AKC GoodDog! Helpline (GDH) is our telephone and video dog training consultation service. We offer live, personalized assistance with your questions about training your puppy or dog. To celebrate GDH’s 10th anniversary in 2023, we’ve rounded up the most common questions that our dog trainers hear from owners just like you. A common question is, “How can I successfully train my dog?”
Dog training is a common struggle for owners, particularly if it’s your first dog. There are so many things you want to teach your pet, but it’s difficult when you don’t speak your dog’s language and your dog doesn’t speak yours. So, how can you positively influence your dog’s behavior in a way they can understand?
Don’t worry. There are ways to train effectively that will help your dog learn faster and easier! These 10 tips will help you become a more successful and effective dog trainer. You and your pet can make steady progress while still having lots of fun.
1. Don’t Expect Your Dog to Work for Free
Just as you’d expect a paycheck for your hard work, dogs deserve to be paid, too. After all, as much as your dog may love you, making you happy isn’t their only goal. Too often, people expect their dogs to listen and behave, just because.
Give your dog positive reinforcement, whether that’s praise, a training treat, or a game of tug-of-war. Without positive reinforcement from you, your dog will look for their own rewards, which usually involves behavior you don’t want, like dragging you down the sidewalk. Instead, “pay” your dog for making good choices, rewarding them when they do what you ask. As a result, when you ask them to perform the same behavior in the future, they’ll want to make those same choices and do what you ask.

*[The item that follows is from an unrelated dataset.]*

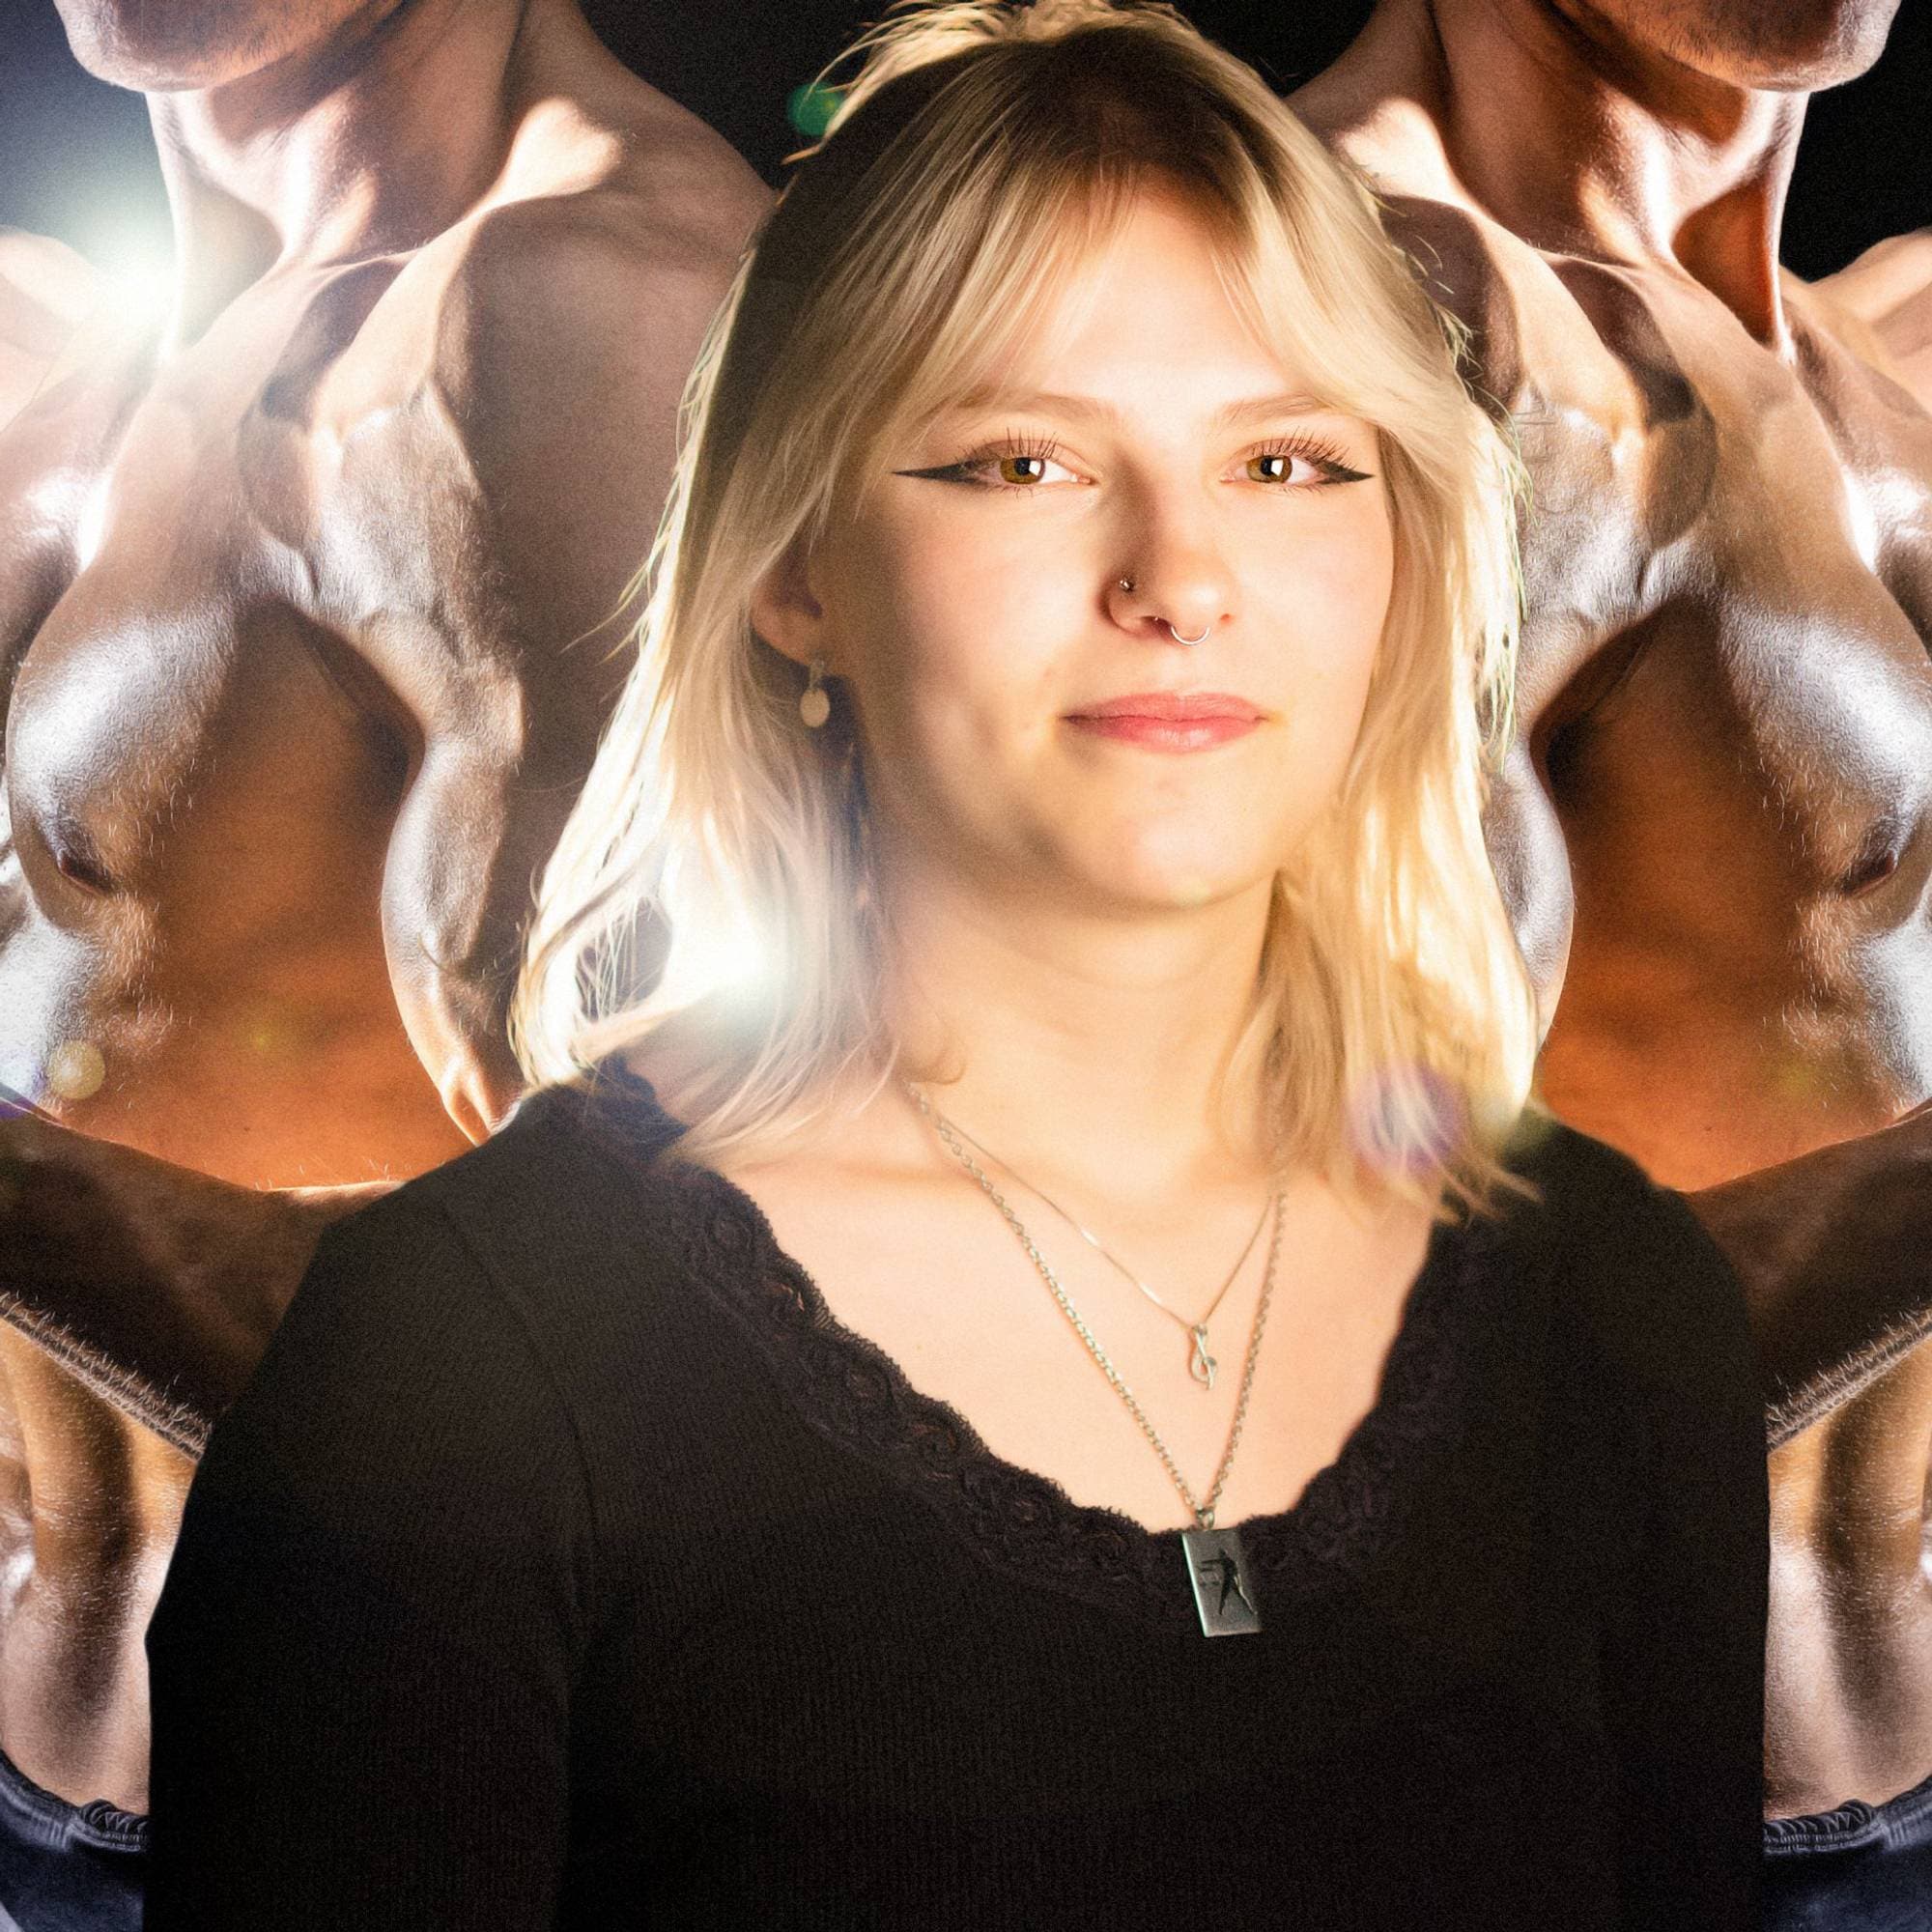 En jente med kort blondt hår står foran fire muskuløse mannekropper.

2. Figure Out What Your Dog Finds Rewarding
Positive reinforcement training is a powerful way to teach and maintain behavior because dogs repeat behaviors that earn them rewards. But rewards have to be from your dog’s point of view. If your pet isn’t willing to work for something, that item isn’t a reward at all. Top-tier rewards are things your dog really loves, while things on the lower tiers are items they enjoy but aren’t their absolute favorites.
Think about what your dog enjoys and build a hierarchy of their favorite things. Use the lower levels, like dry food or carrot sticks, for easier tasks. Save the top-tier rewards, like pieces of unseasoned chicken breast or playing fetch, when they’re working in distracting environments or learning challenging behaviors.

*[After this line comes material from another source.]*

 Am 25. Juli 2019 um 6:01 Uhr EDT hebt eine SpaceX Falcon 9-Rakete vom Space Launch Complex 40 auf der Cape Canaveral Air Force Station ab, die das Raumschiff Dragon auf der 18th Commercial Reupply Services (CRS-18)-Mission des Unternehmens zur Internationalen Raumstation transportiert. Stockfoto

3. Teach Them That Good Behavior Brings Rewards
The world is full of things your dog wants, such as delicious food, comforting cuddles, and walks outside. And you control access to most of those. If you teach your dog that they’ll get what they want by giving you what you want, it’s a win-win scenario. So don’t give away all the rewards for free.
Instead, ask your dog to perform a behavior before you reward them. For example, ask for a sit before clipping on the leash, or a down before lowering the food bowl. Your dog will quickly learn they gain access to the good stuff simply by listening to your requests.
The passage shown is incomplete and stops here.